Posterior Sampling by Combining Diffusion Models with Annealed Langevin Dynamics
This provides a computationally efficient method for posterior sampling in log-concave distributions, addressing a bottleneck in tasks like image reconstruction, though it is incremental as it builds on existing diffusion and Langevin techniques.
The paper tackles the problem of sampling from posterior distributions in noisy linear inverse problems, such as inpainting and MRI reconstruction, by proving that combining diffusion models with annealed Langevin dynamics achieves conditional sampling in polynomial time with an L^4 bound on score error.

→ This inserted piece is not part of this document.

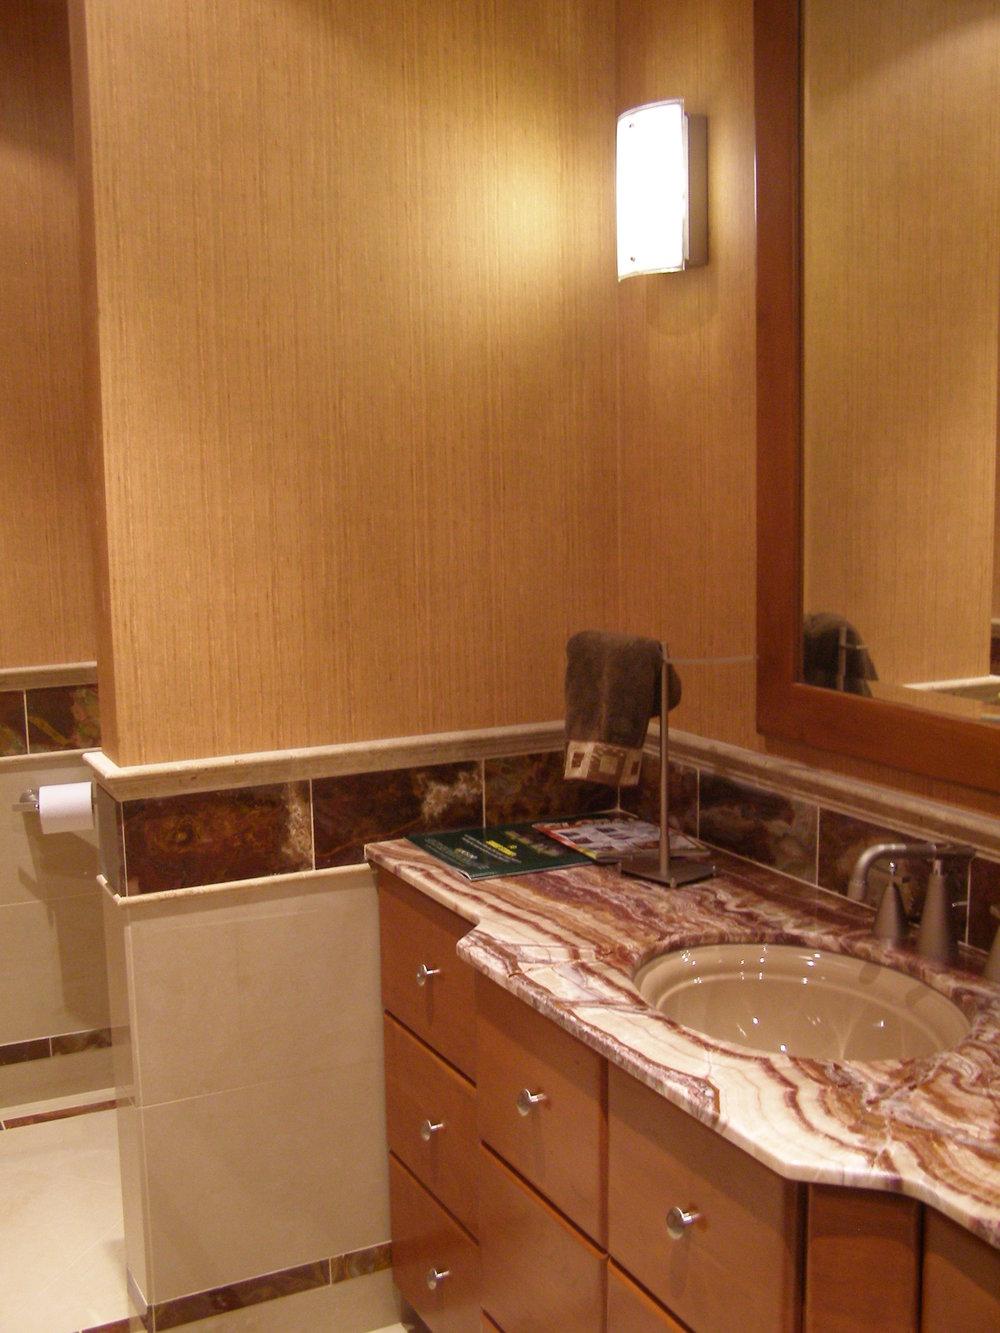 Bath sinkP1010029.JPG

Given a noisy linear measurement $y = Ax + ξ$ of a distribution $p(x)$, and a good approximation to the prior $p(x)$, when can we sample from the posterior $p(x \mid y)$? Posterior sampling provides an accurate and fair framework for tasks such as inpainting, deblurring, and MRI reconstruction, and several heuristics attempt to approximate it. Unfortunately, approximate posterior sampling is computationally intractable in general. To sidestep this hardness, we focus on (local or global) log-concave distributions $p(x)$. In this regime, Langevin dynamics yields posterior samples when the exact scores of $p(x)$ are available, but it is brittle to score--estimation error, requiring an MGF bound (sub-exponential error). By contrast, in the unconditional setting, diffusion models succeed with only an $L^2$ bound on the score error. We prove that combining diffusion models with an annealed variant of Langevin dynamics achieves conditional sampling in polynomial time using merely an $L^4$ bound on the score error.